The offer

The tall man with the scraggly beard walked up to Larry Handberg and made his offer. Take this briefcase onto the plane, leave it at the airport in Las Vegas, I’ll give you two million dollars.

“Is it gonna blow up or something?” Larry asked, sounding more amused then concerned.

“It’s not a device of violence,” Scraggle beard said.

“Can I open it and see what it is?”

Scraggle beard snickered and said “Yes, if you cannot resist you may peek inside Pandora’s box. Just wait until you’re on the plane before you do.”

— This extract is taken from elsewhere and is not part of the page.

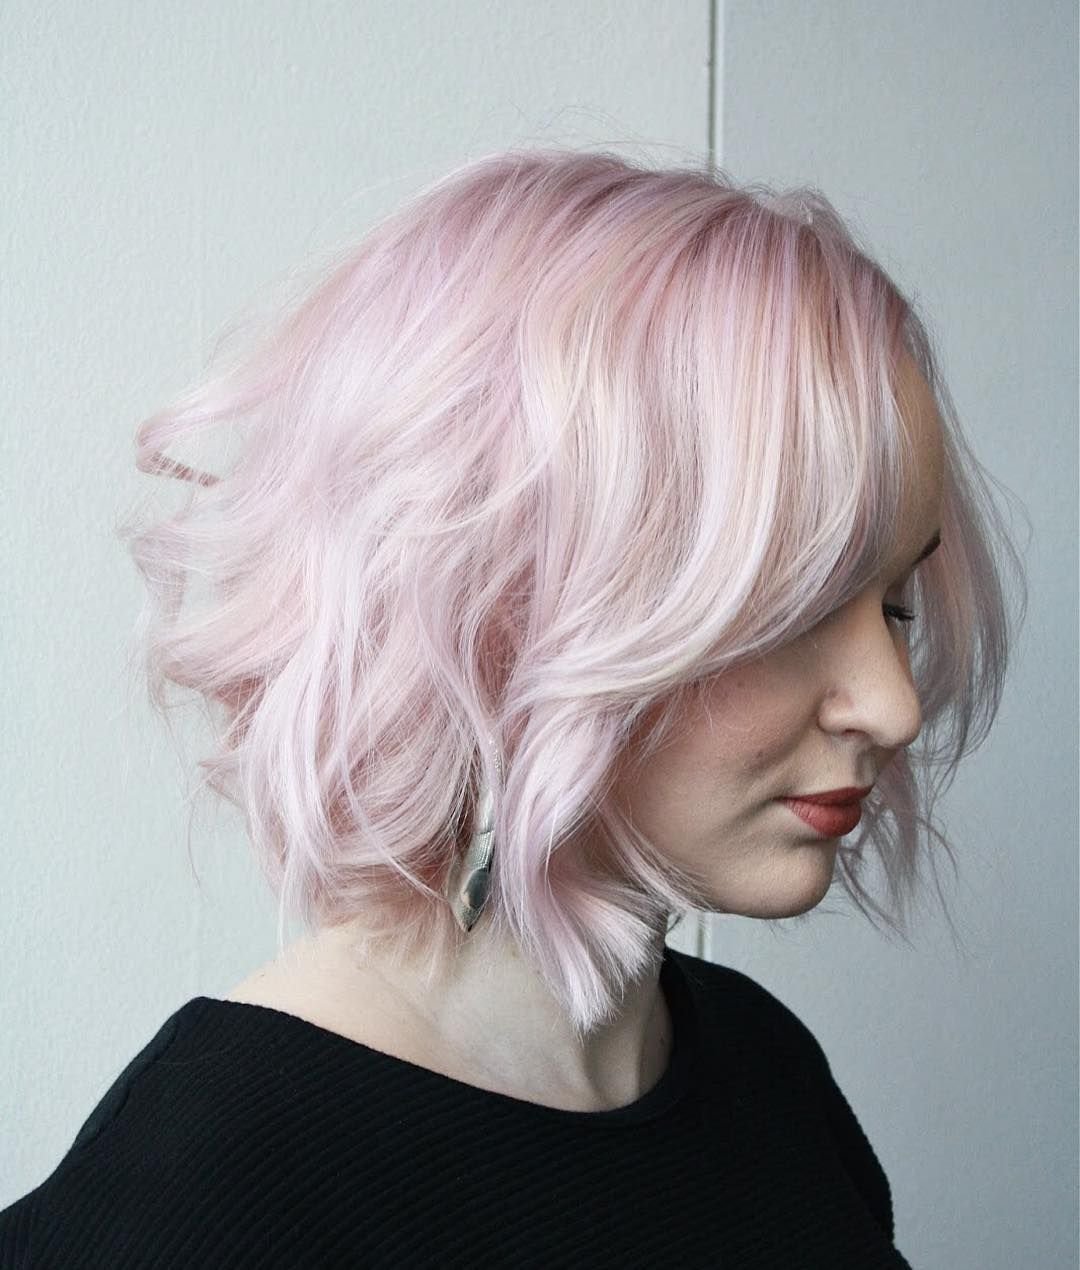 Жемчужно розовые волосы. Розовые волосы каре. Светло розовые волосы каре. Пепельный цвет волос с розовым оттенком. Пастельно-розовый цвет волос.

Larry had been in a slump for the past 8 months, unemployed and living with his mother. He was on his way to Las Vegas with his last bit of savings, hoping to hit a jackpot so he could support himself while he finished writing his book.

The scraggly bearded man amused him, and he really was curious to see what he was expected to transport. Two million bucks, he could write 10 books with that much money to live on! He knew it could be drugs, but hey the guy already made it through the security check. Larry, at the ripe old age of thirty-six, had never had too much excitement in his life; maybe it was time he pressed the action button.

He accepted the mans offer, and boarded the plane.

A bead of sweat trickled down Larry’s temple as he waited for the plane to begin take-off procedures. This was crazy. Was he really doing this?

A stewardess noticed him sweating and gripping a briefcase with white knuckles. She stood up from her station and walked over to his seat.

“Is everything okay sir? You look nervous.”

“Oh, I uh, I don’t fly very often, it makes me a little jittery,” Larry said, blushing.

“Can I put your briefcase in the overhead compartment for you?”

“Oh! No, thank you,” he stammered, “I’m going to work on some charts while we fly.”

The stewardess gave him a long, stern look, and then smiled.

“Just let me know if you need anything sir.”

The plane was making its way towards the runway now, the captain giving a greeting over the intercom. Larry sunk into his chair, feeling like he would be relieved when the plane was in the air and he could check out his cargo.

 

The man with the scraggly beard walked out of the Seattle airport. He boarded a bus and sat in the farthest seat in the back. He began chuckling to himself. His chuckle turned into a wheezing laugh, his face beginning to turn a pale red. Louder and louder he laughed, until it was a bellow emanating from his gut. The bus took a turn on a road unseen by mans eyes, and travelled into the tunnel of darkness to a lair where death lingers.

 

As the captain cackled the speed and altitude over the intercom, Larry looked around at the other passengers. A woman reading a book, an old man snoozing, a child watching a movie, everyone minding their own business. Now was as good a time as ever he supposed.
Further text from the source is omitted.